Bitcoin Leading the Pack
It should come as no surprise to anyone that Bitcoin still dominates in adoption, with 666,000 active addresses in the last 24 hours. Not all of them will correspond to a unique user, of course, as everyone can have however many wallets they want.
But the same can be said for other currencies, and Bitcoin alone is responsible for almost half of all active wallets in the last 24 hours.
Ethereum takes second place with 293,000, followed by Litecoin and EOS at 87,000 and 69,000, respectively. The biggest surprise to many may be Dogecoin, which comes in fifth place despite not being traded on many of the largest exchanges, including Binance.

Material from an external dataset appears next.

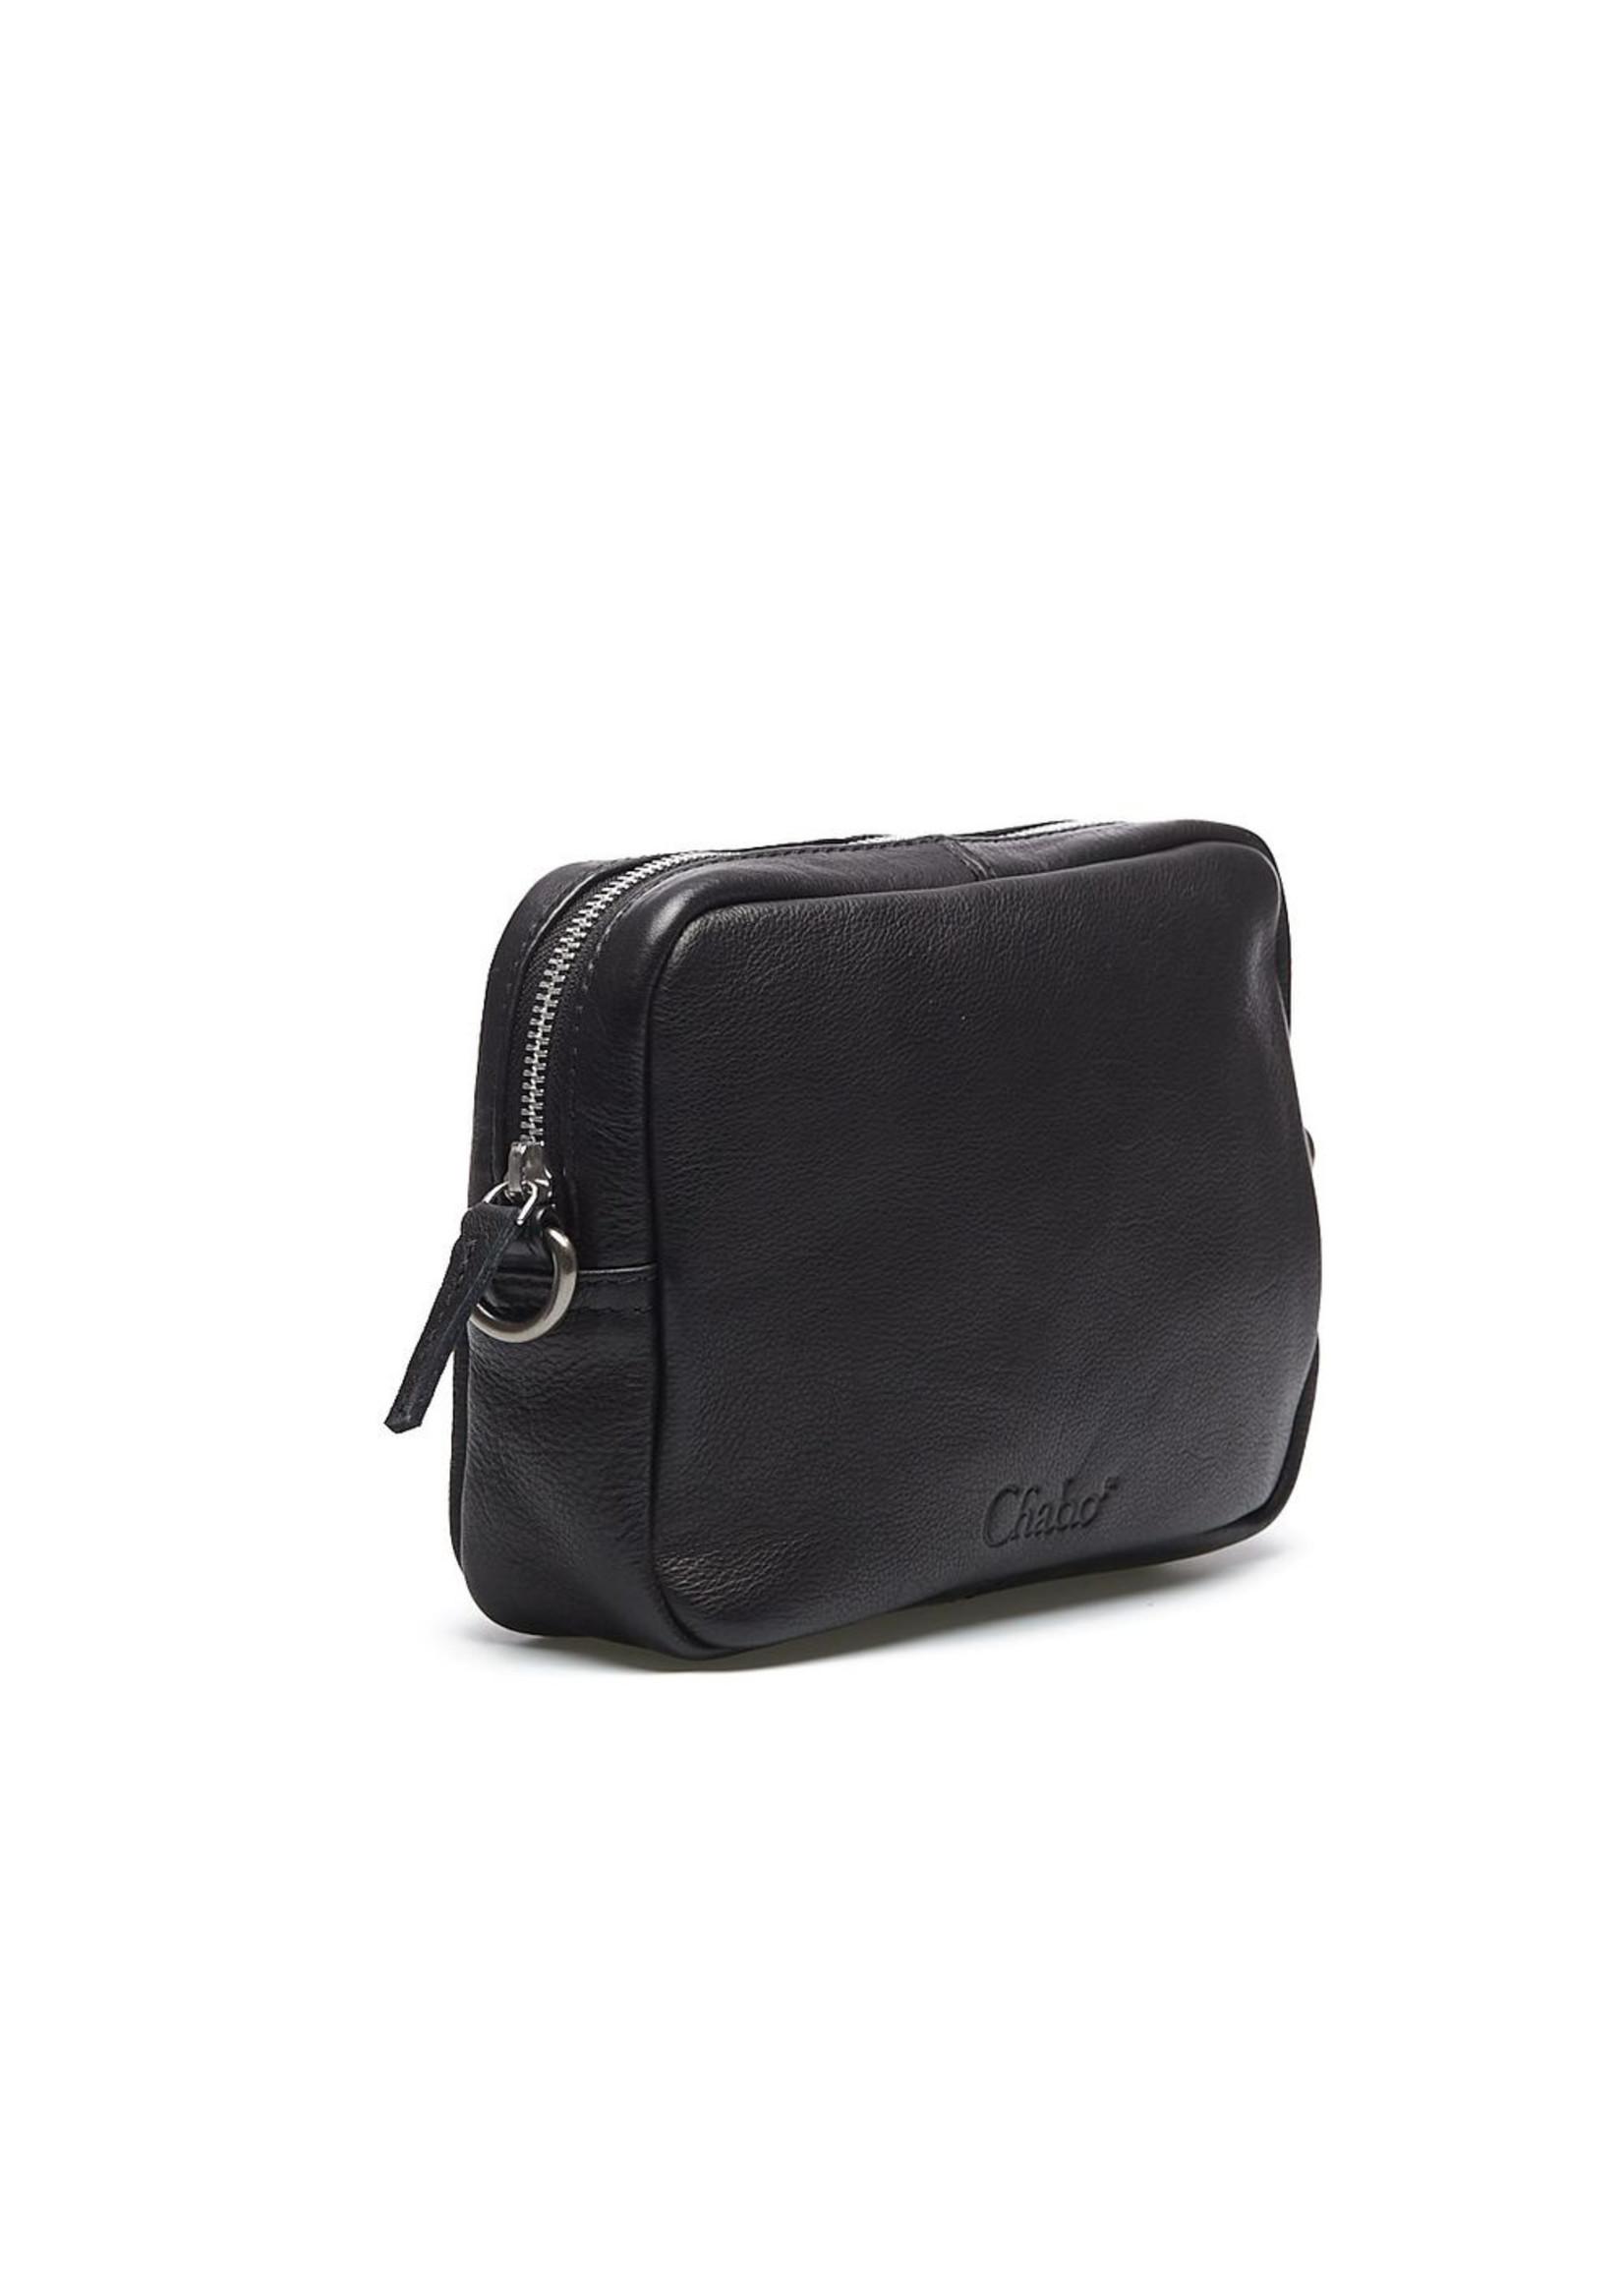 Chabo Bags Iggy Silver Crossover tas Zwart

The numbers go rapidly downhill from here. According to OnChainFX, an aggregator for crypto metrics and statistics, only 20 projects broke 1000 active wallets in the last 24 hours, and only 23 reached 500. 52 projects in total saw at least 100 active addresses. And that’s really not very much for a market with a 200 billion USD market cap.
Tweet posted by Kevin Rooke shows the situation as is:
Forget about dApps with no users, let's talk about tokens with no users.
Only 27 cryptocurrencies had over 400 active addresses today. Yes. 400 users.
You'd think if there was ever a time to 'buy the dip' or 'panic sell' it would be today. 🤷♂️ pic.twitter.com/l1INETwawj
— Kevin Rooke (@kerooke) September 6, 2018
Will Crypto Rise?
Now it’s fair to say that the bear market is making investors reluctant to trade, or to pay and receive pay for things with crypto, or even play around with dApps (which also have atrociously low activity, by the way).
There are also second layer solutions which do not show in these statistics, like the Lightning Network. But at the end of the day it goes both ways. If crypto is ever to really become mainstream, successful projects are going to have to be a lot more active than this.
Sure, some or even most of today’s top 100 cryptocurrencies might die. Maybe that will even start before we see this bear market end. But at the end of the day, the problem goes deeper than just the proliferation of shitcoins. The crypto market blew up, and speculators of all sizes swarmed in.
The technology looks very promising, but development takes time, and so does adoption. Right now, almost everyone in crypto is sitting on their bags and waiting for other people to do something. But the truth is, chances are we will have to wait for some time for many projects to reach a point where they have a product people want to actually use.